• **RECORDS FOR THE TASK**:
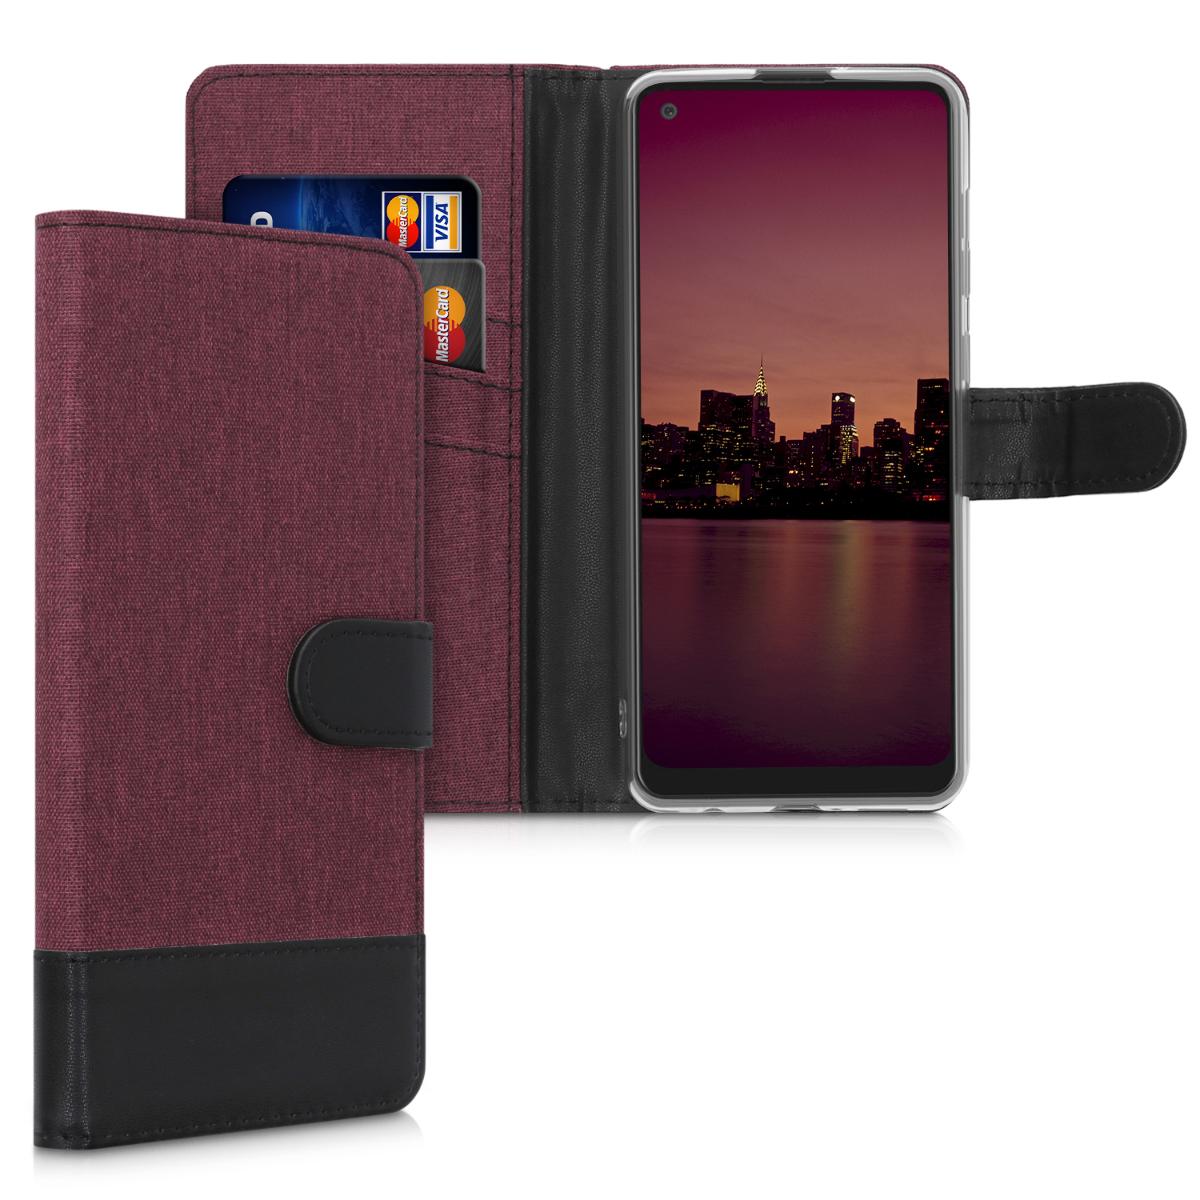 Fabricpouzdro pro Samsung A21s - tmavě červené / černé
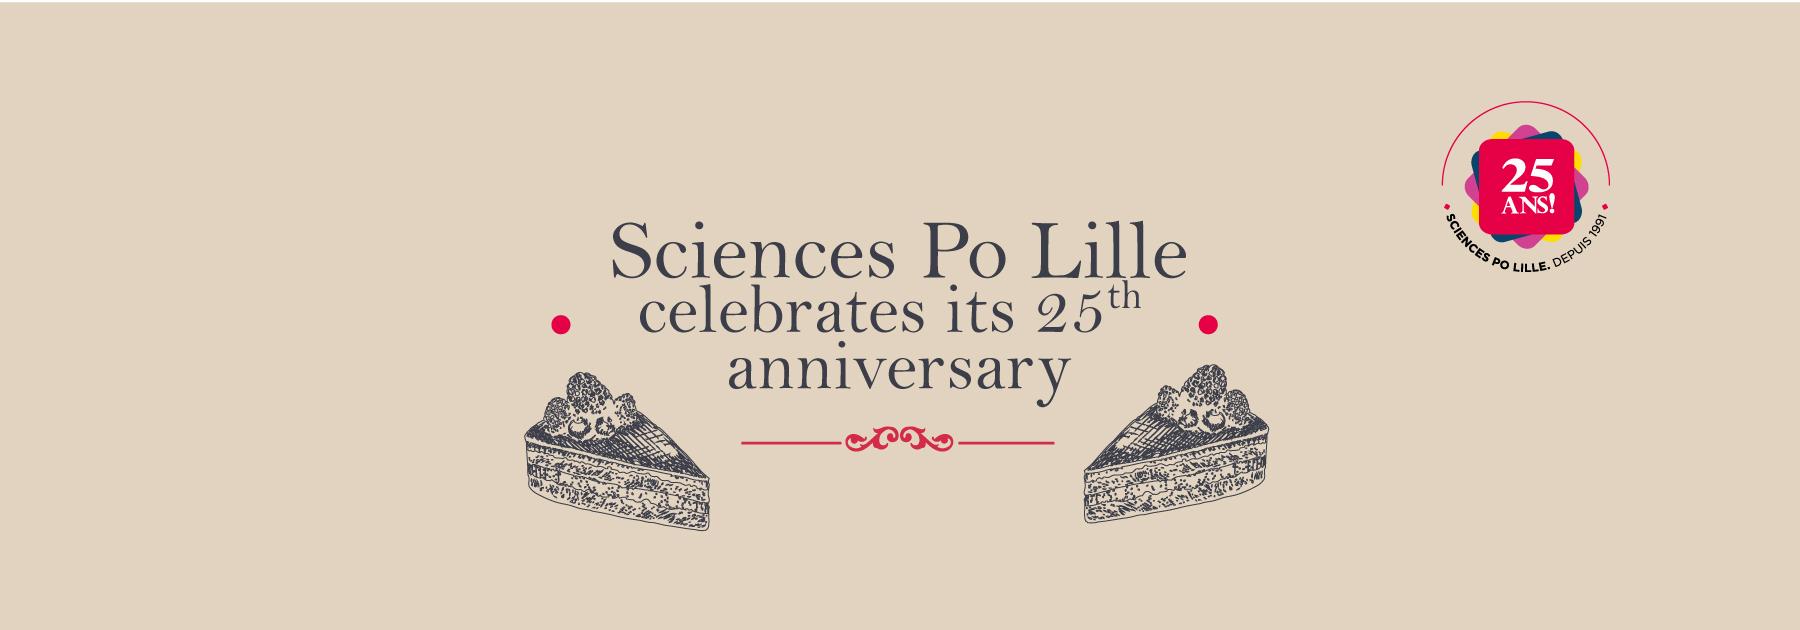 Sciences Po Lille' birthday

---

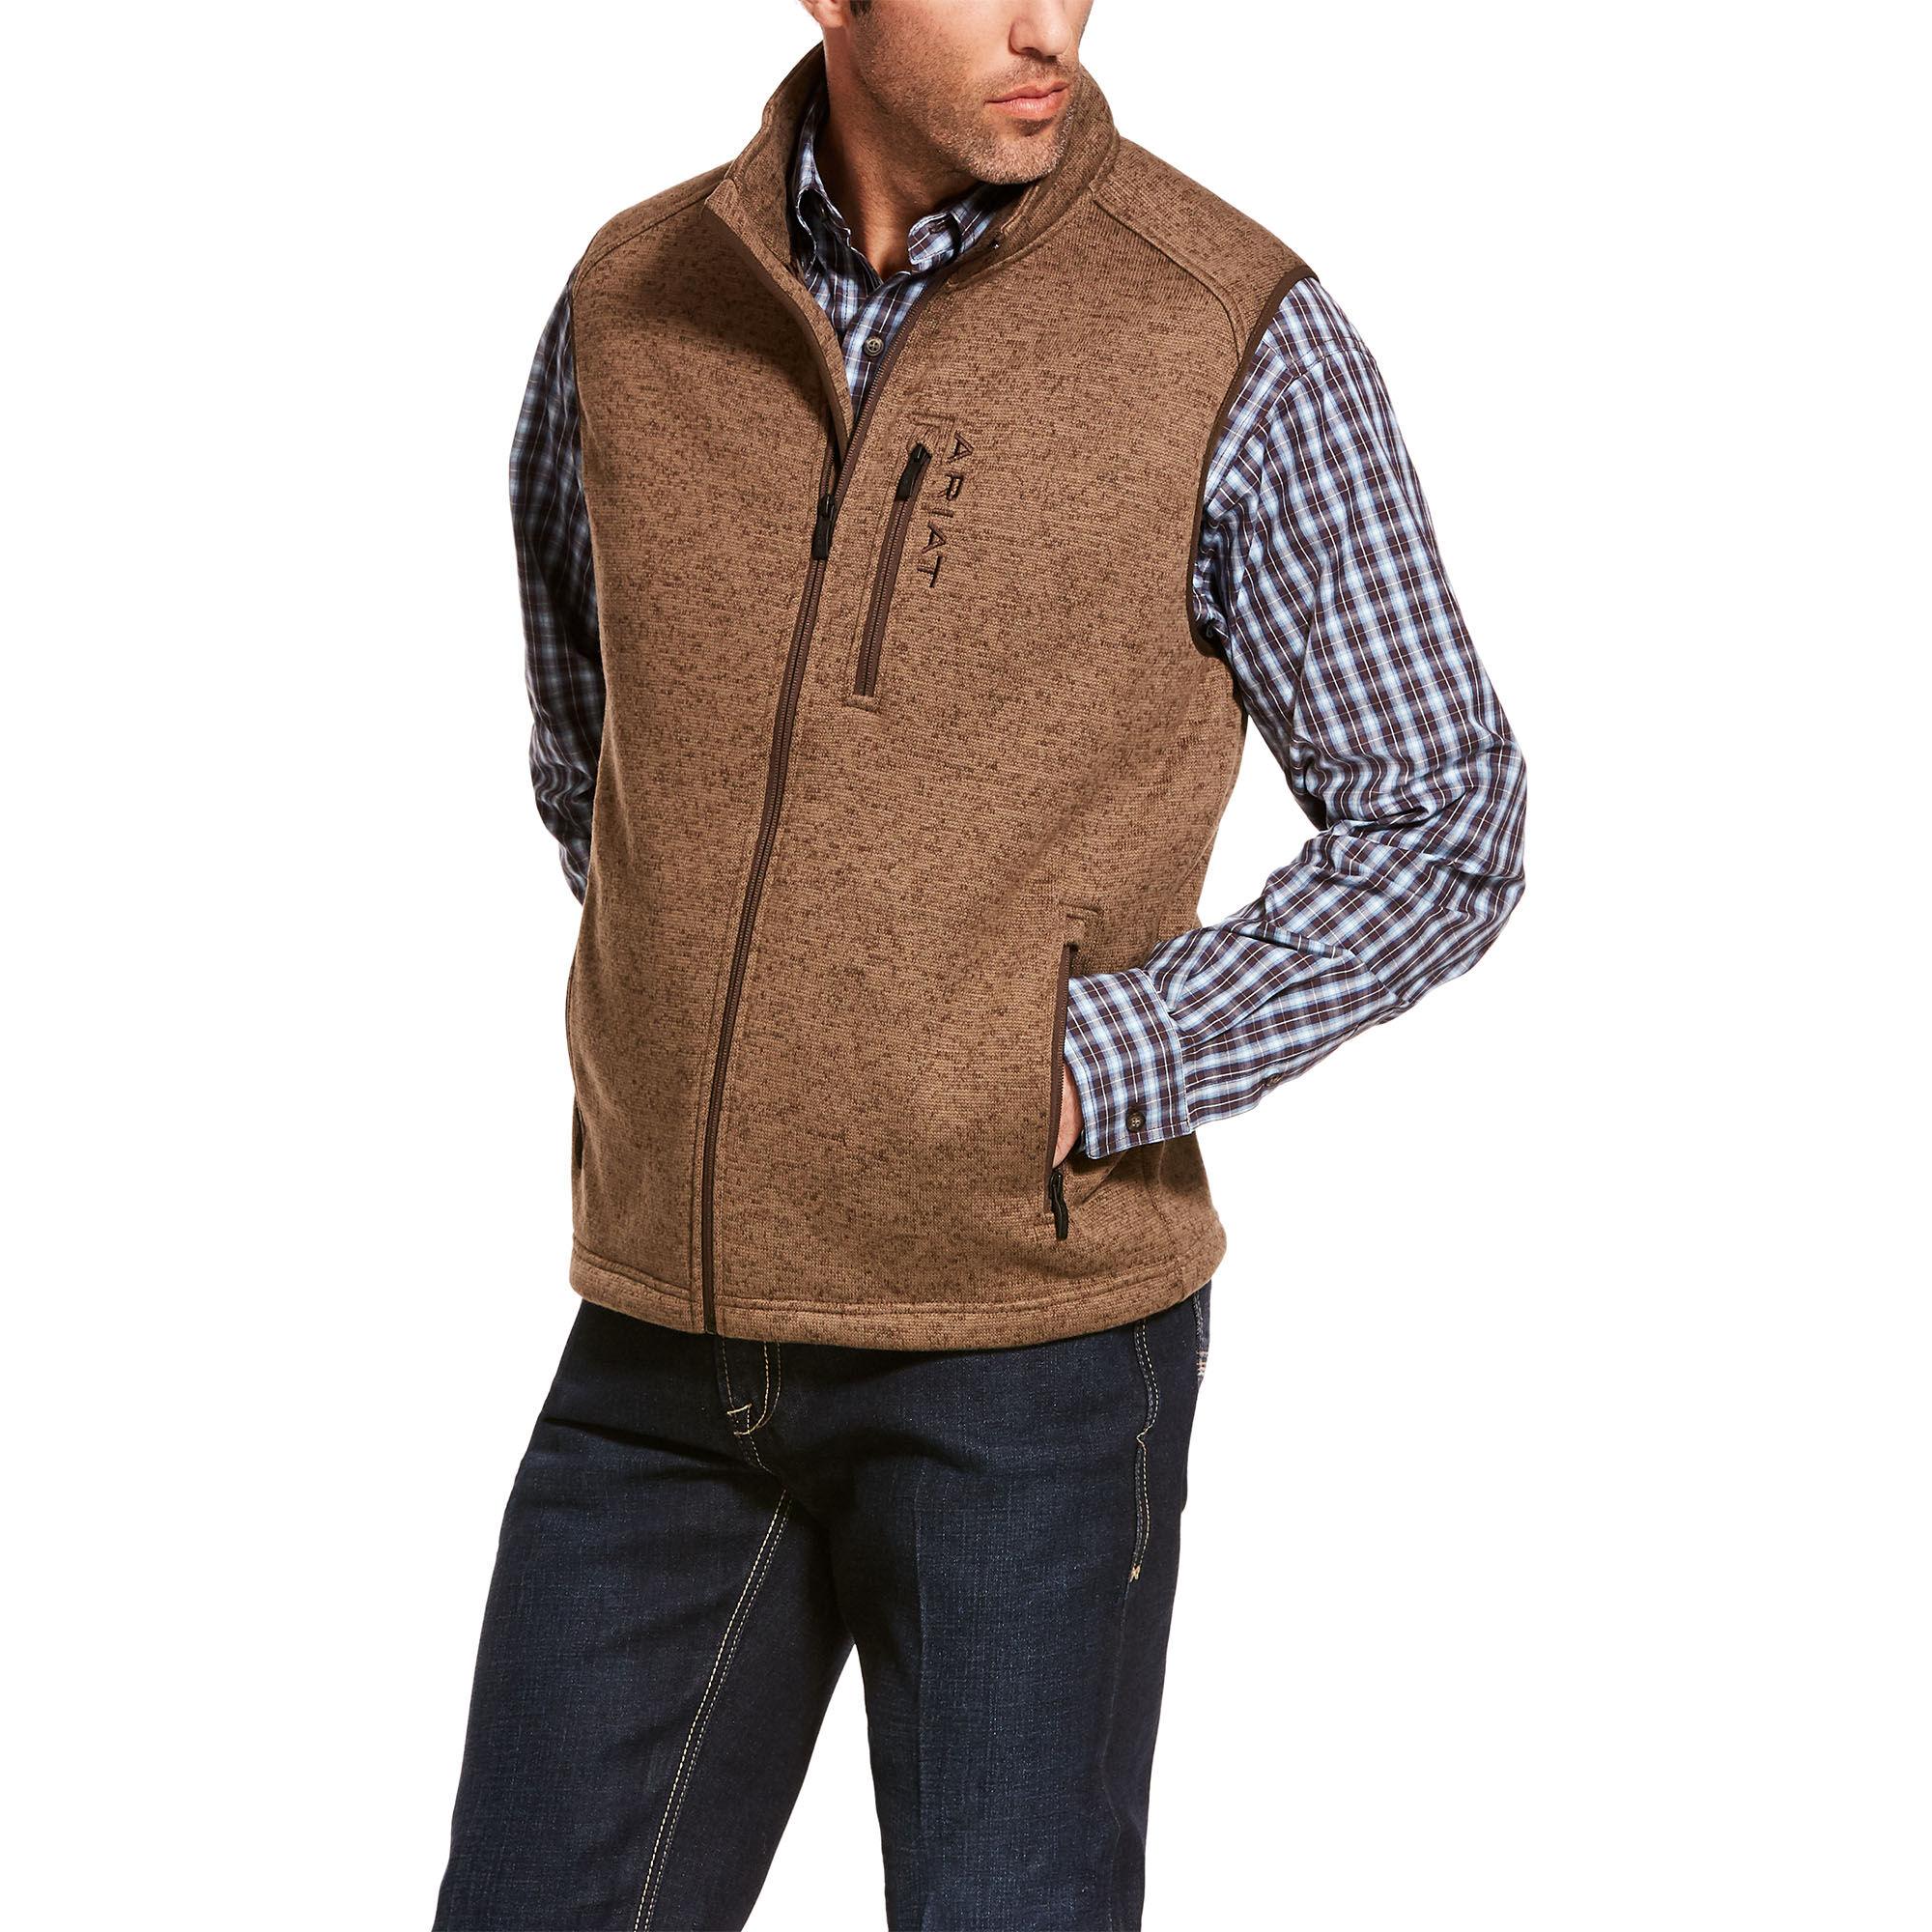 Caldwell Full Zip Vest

==

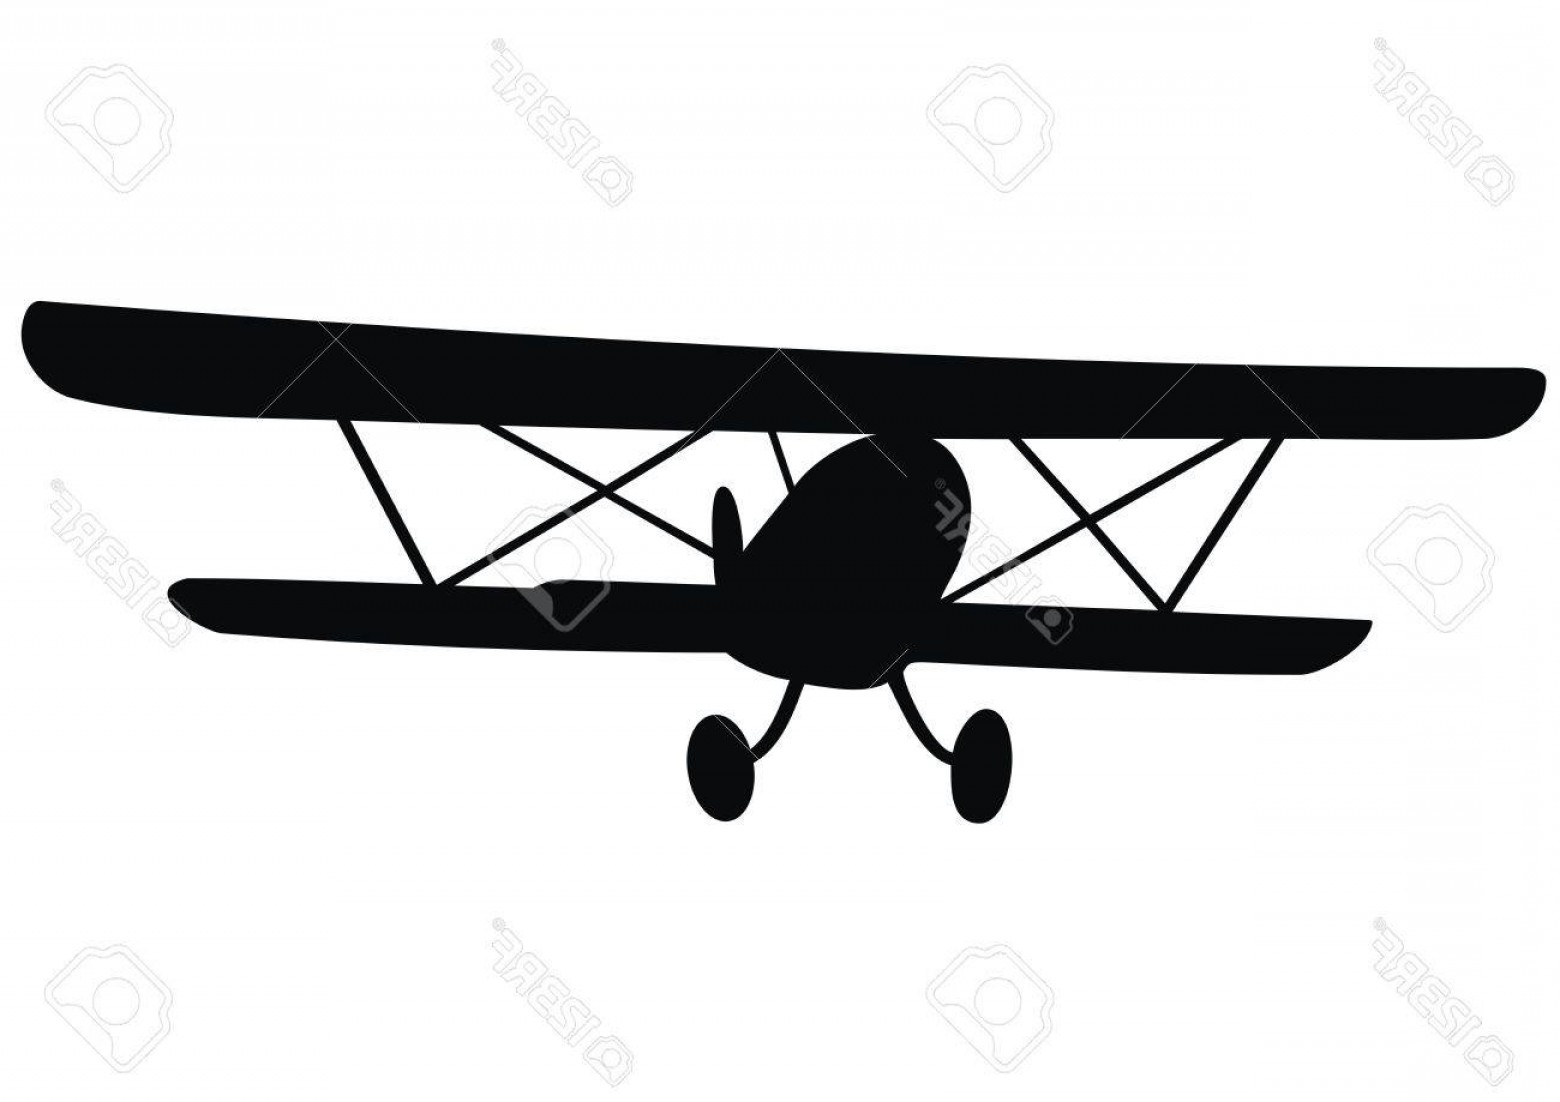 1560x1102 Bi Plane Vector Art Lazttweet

• **HOW TO COMPLETE THIS TASK**: For the data above, set down exactly the lines from the line with "Fabricpouzdro pro Samsung" to the line with "Sciences Po Lille' birthday", both included, leaving pictures out.

• **ANSWER TO THIS EXERCISE**:
 Fabricpouzdro pro Samsung A21s - tmavě červené / černé
 Sciences Po Lille' birthday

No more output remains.